In the study, published in the journal iScience, the team differentiated induced pluripotent stem cells into human sensory neurons in the lab. They confirmed that the cells had differentiated into sensory neurons by checking that they expressed key genes specific to that cell type.

Next, the researchers tested to see if the sensory neurons expressed ACE2, the gene encoding the protein that SARS-CoV-2 uses to gain entry into human cells.
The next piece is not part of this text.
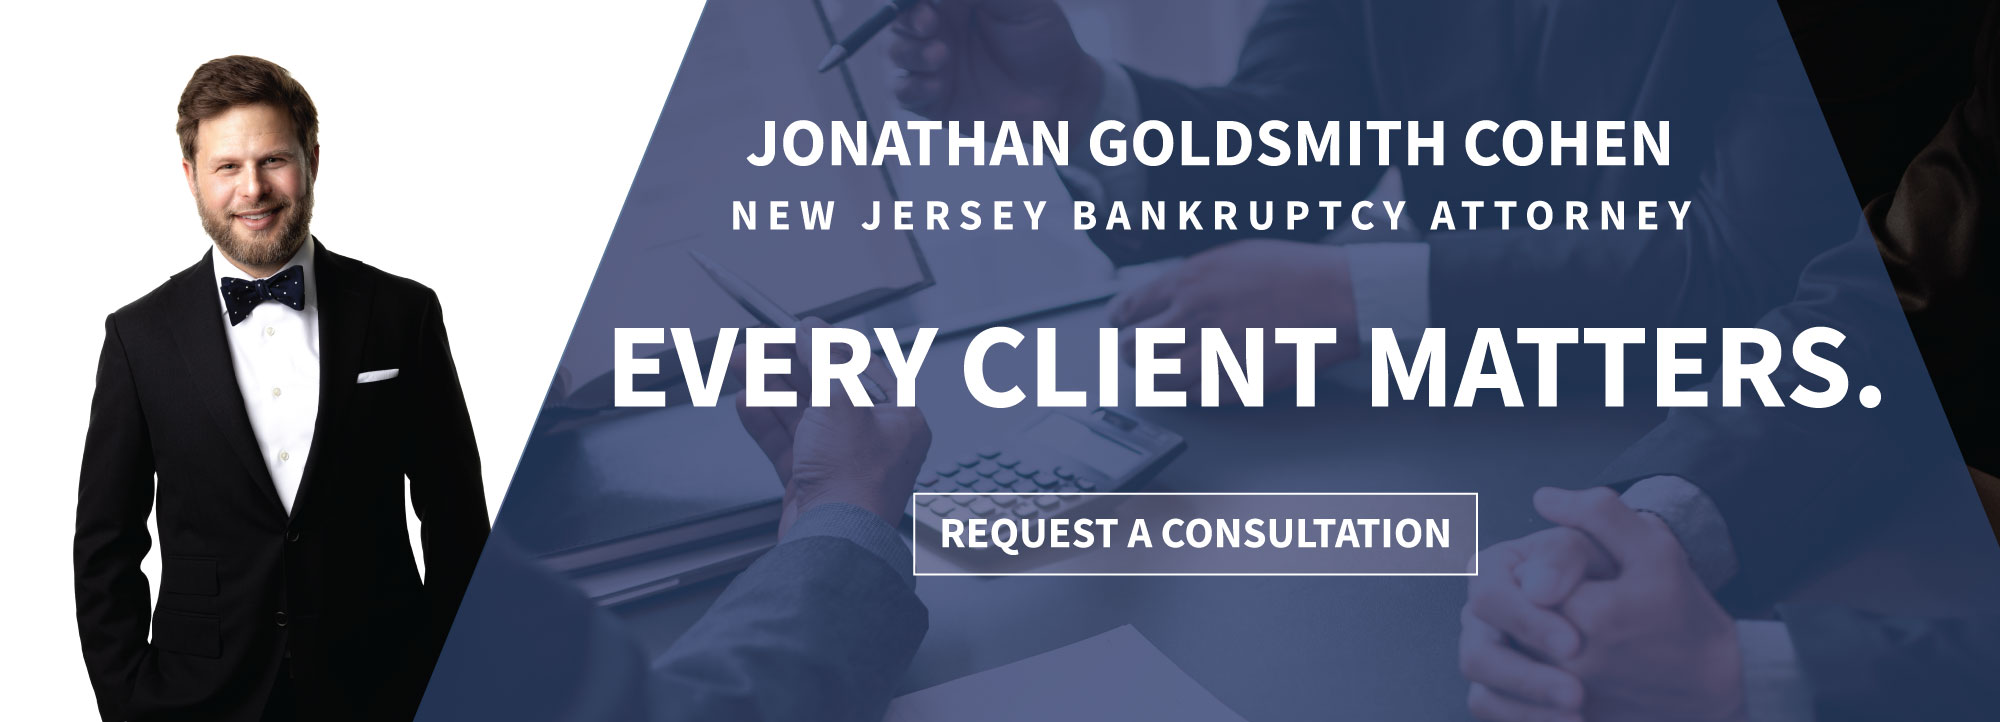 Jonathan Goldsmith Cohen Bankruptcy Attorney Hero Image
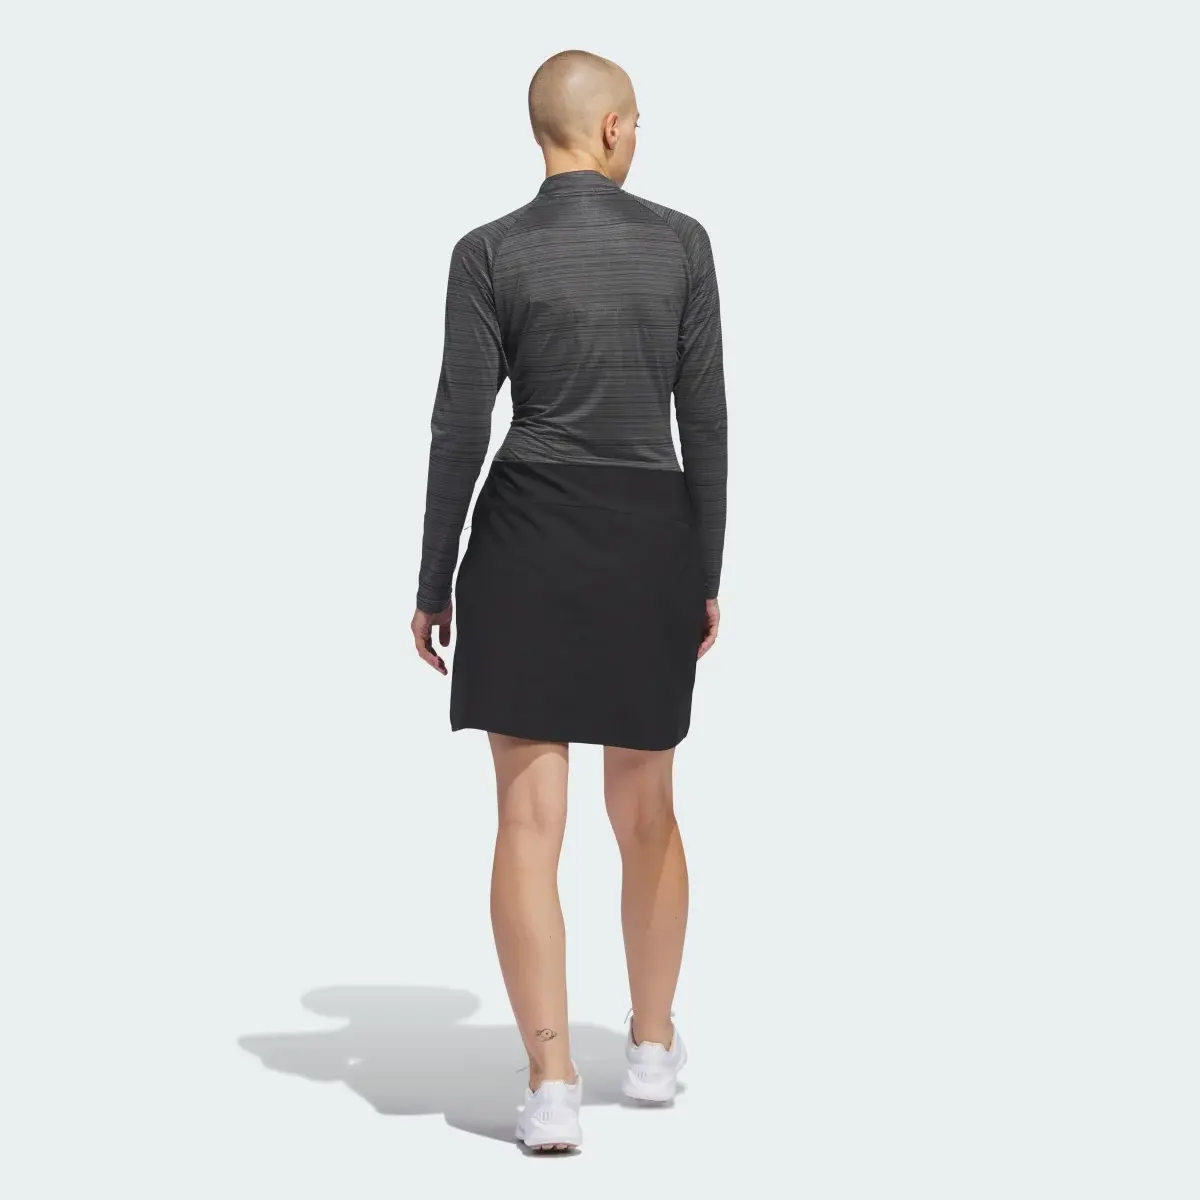 Adidas Ultimate365 Long Sleeve Dress. 3

They found that the sensory neurons did express ACE2, at a level comparable to other cell types known to be infected by the virus — a first indication that sensory neurons likely could be infected.

The researchers then exposed the sensory neurons to three strains of SARS-CoV-2, the original WA1/2020 strain, and the Delta and Omicron strains that caused surges in Covid infection.

The researchers sequenced RNA from the sensory neurons and found that all three strains of the virus infected some portion of the sensory neurons.

Omicron infected the lowest percentage of cells within the same timeframe, suggesting that it is slower than the other strains to infect sensory neurons. This finding could help to explain why Omicron infection leads to lower rates of loss of taste and smell than the previous strains did, but further research would be needed to prove a connection.